The overall goal of the approach developed in this paper is to estimate the likelihood of a given kinetic kill scenario between hostile space based adversaries using the mathematical framework of Complex Conceptual Spaces Single Observation. Conceptual spaces are a cognitive model that provide a method for systematically and automatically mimicking human decision making. For accurate decisions to be made, the fusion of both hard and soft data into a single decision framework is required. This presents several challenges to this data fusion framework. The first is the challenge involved in handling multiple complex terminologies, which is addressed by drawing on a set of Space Domain Ontologies.
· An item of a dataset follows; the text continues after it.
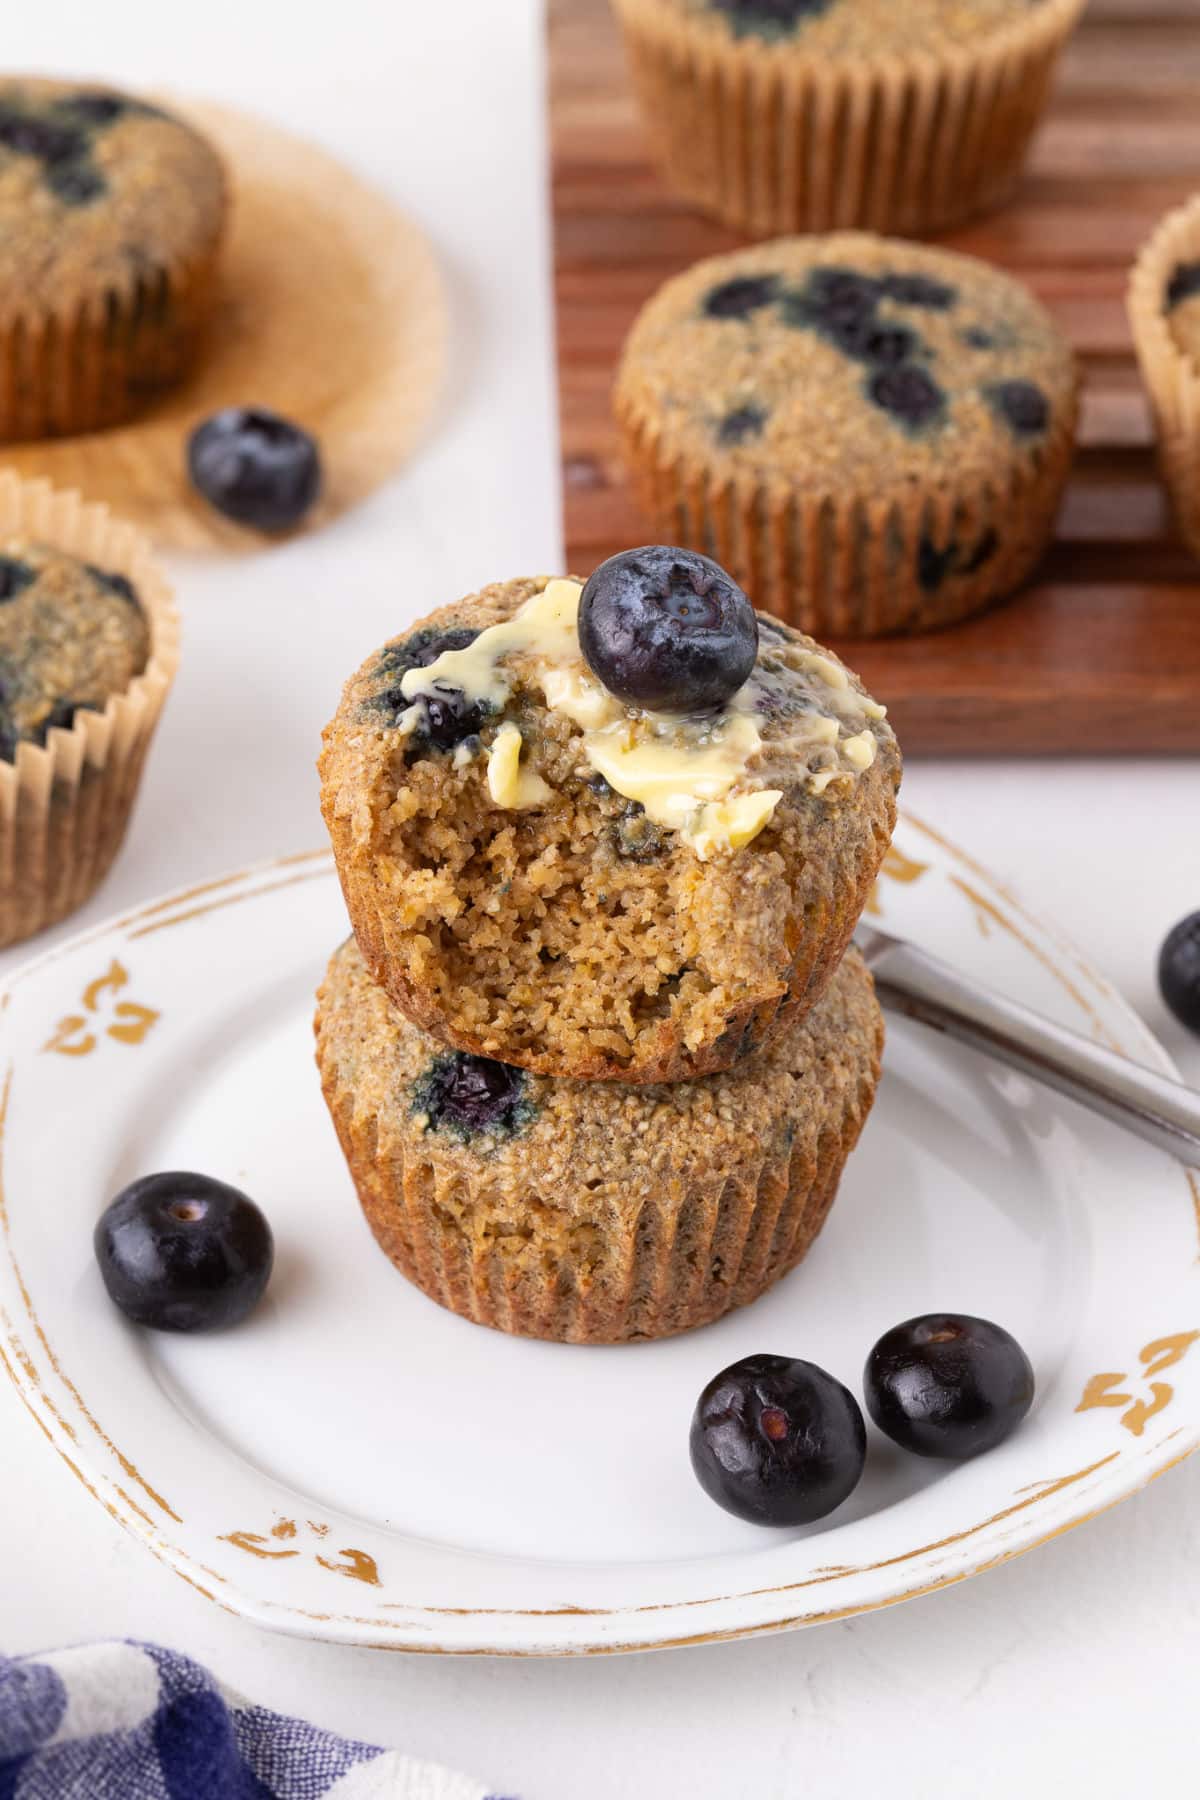 Stack of two blueberry oat bran muffins.

Another challenge is the complex combinatorics involved when considering all possible feature combinations. This can be mitigated by using integer linear programming optimization that is outlined by the Complex Conceptual Spaces Single Observation mathematical model framework. A third challenge is the complicated physics that is involved in a spacecraft collision that must be addressed to obtain a better understanding of threat assessment. Overcoming these various challenges allows for a quantitative ranking for the potential of a kinetic kill collision across multiple spacecraft pairs. In addition to overcoming these challenges this paper will break down threat assessment into four domains and identify a ranking of threat both for each individual domain and for the four domains combined. Simulation results are shown to verify the developed concepts.